Dkt. 18-2 at p. 4. In his online inquiry form, Perkins listed the “Date of Incident” as October 15, 2020, the date of his termination. (Dkt. 19-2 at p. 2). Perkins had a telephone interview with Edith Banda (“Banda”), an EEOC investigator, on July 23, 2021. (Dkt. 8-1 at p. 5; Dkt. 16 at p. 4). Perkins alleges that, during the interview, Banda told him “that there was no urgency to file [his] EEOC Charge because the date of submission would relate back to his May 12 questionnaire, so he was inside the 300-day limit.” (Dkt. 16 at p. 4). Perkins filed an EEOC charge on September 28, 2021. (Dkt. 16 at p. 5). In his charge, Perkins indicated that the latest date on which he was subjected to discrimination

was October 15, 2020, the date of his termination. (Dkt. 8-1 at p. 6). His charge did not mention that he appealed his firing to a Senior Human Resources Manager or that the appeal was denied on February 18, 2021. (Dkt. 8-1 at pp. 6–7). Perkins received a right-to-sue letter from the EEOC on September 30, 2021, two days after he filed his EEOC charge. (Dkt. 16 at p. 5). Perkins then filed this lawsuit on

December 28, 2021. (Dkt. 1). After Starbucks filed its first partial motion to dismiss, Perkins amended his complaint. (Dkt. 8; Dkt. 16).

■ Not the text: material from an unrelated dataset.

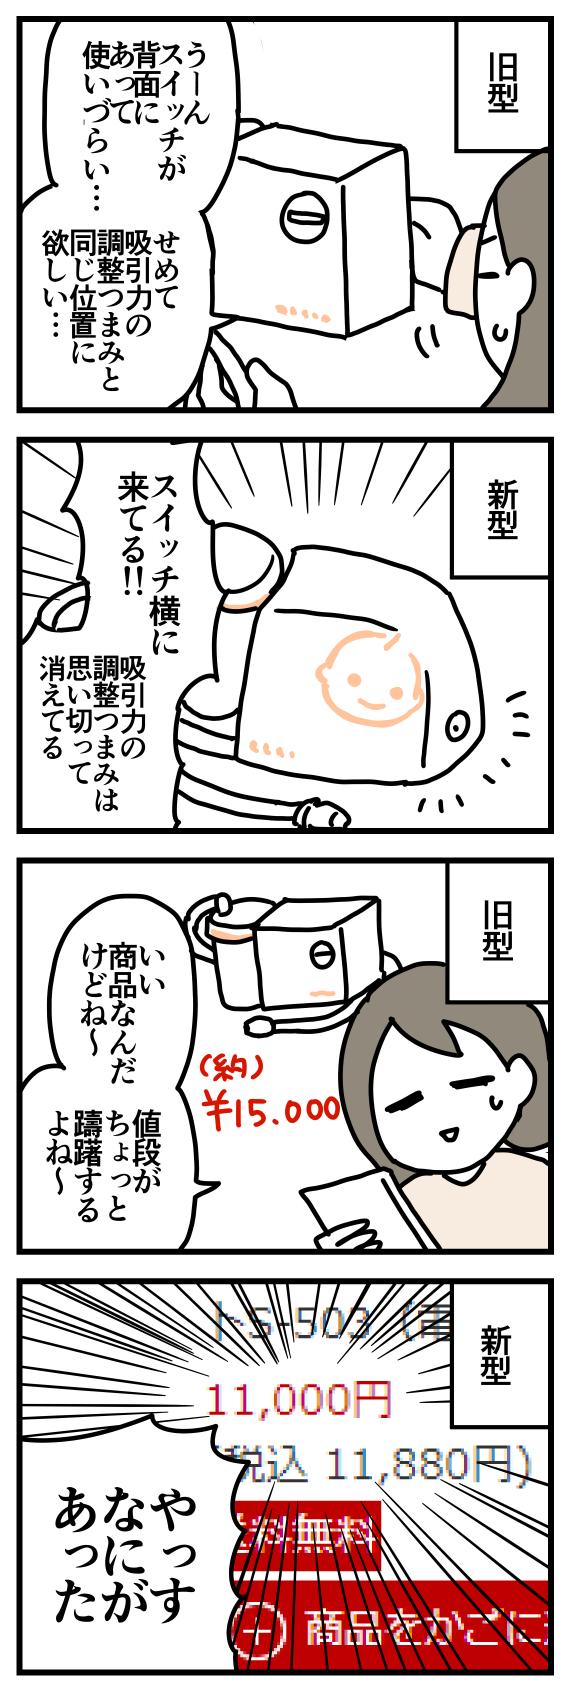 f:id:kanemotonomukuu:20180116123714j:plain
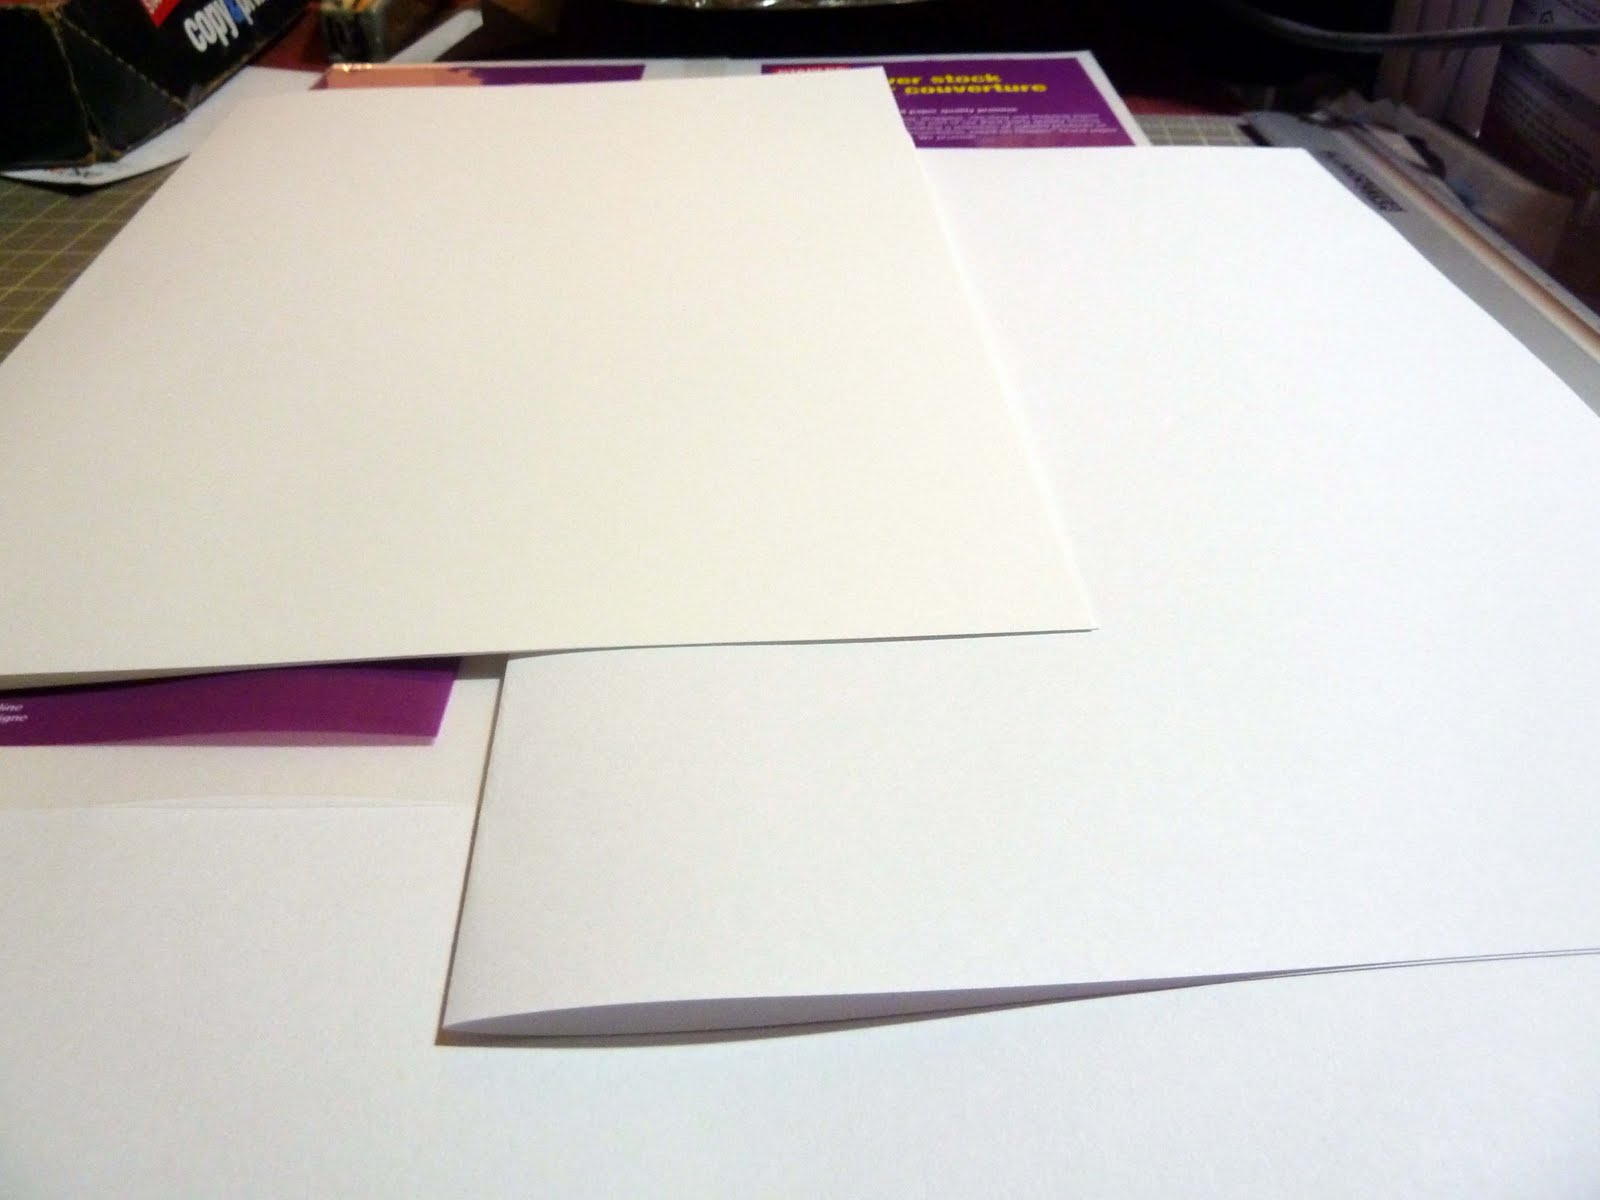 Staples paper stock options

Starbucks filed a supplemental partial motion to dismiss to address the new allegations in Perkins’s amended complaint. (Dkt. 19). Starbucks also filed a motion to stay discovery during the pendency of its partial motions to dismiss, and the Court granted the motion1 and stayed all discovery. (Dkt. 25; Dkt. 31). In his live complaint, Perkins pleads claims under Title VII of the Civil Rights Act

of 1964 (“Title VII”); 42 U.S.C. § 1981 (“Section 1981”); and the Americans with Disabilities Act (“ADA”). (Dkt. 16 at pp. 17–32). Perkins alleges that he is “a Black, Jewish man” and that Starbucks discriminated against him on the basis of both his race and his religion. (Dkt. 16 at pp. 17–32). Perkins further alleges that he suffered from “anxiety, depression, PTSD and ADHD” and that Starbucks discriminated against him based on

those disabilities. (Dkt. 16 at pp. 17–32). In its motions, Starbucks argues for dismissal of all of Perkins’s claims under Title VII and the ADA. (Dkt. 18 at pp. 6–7).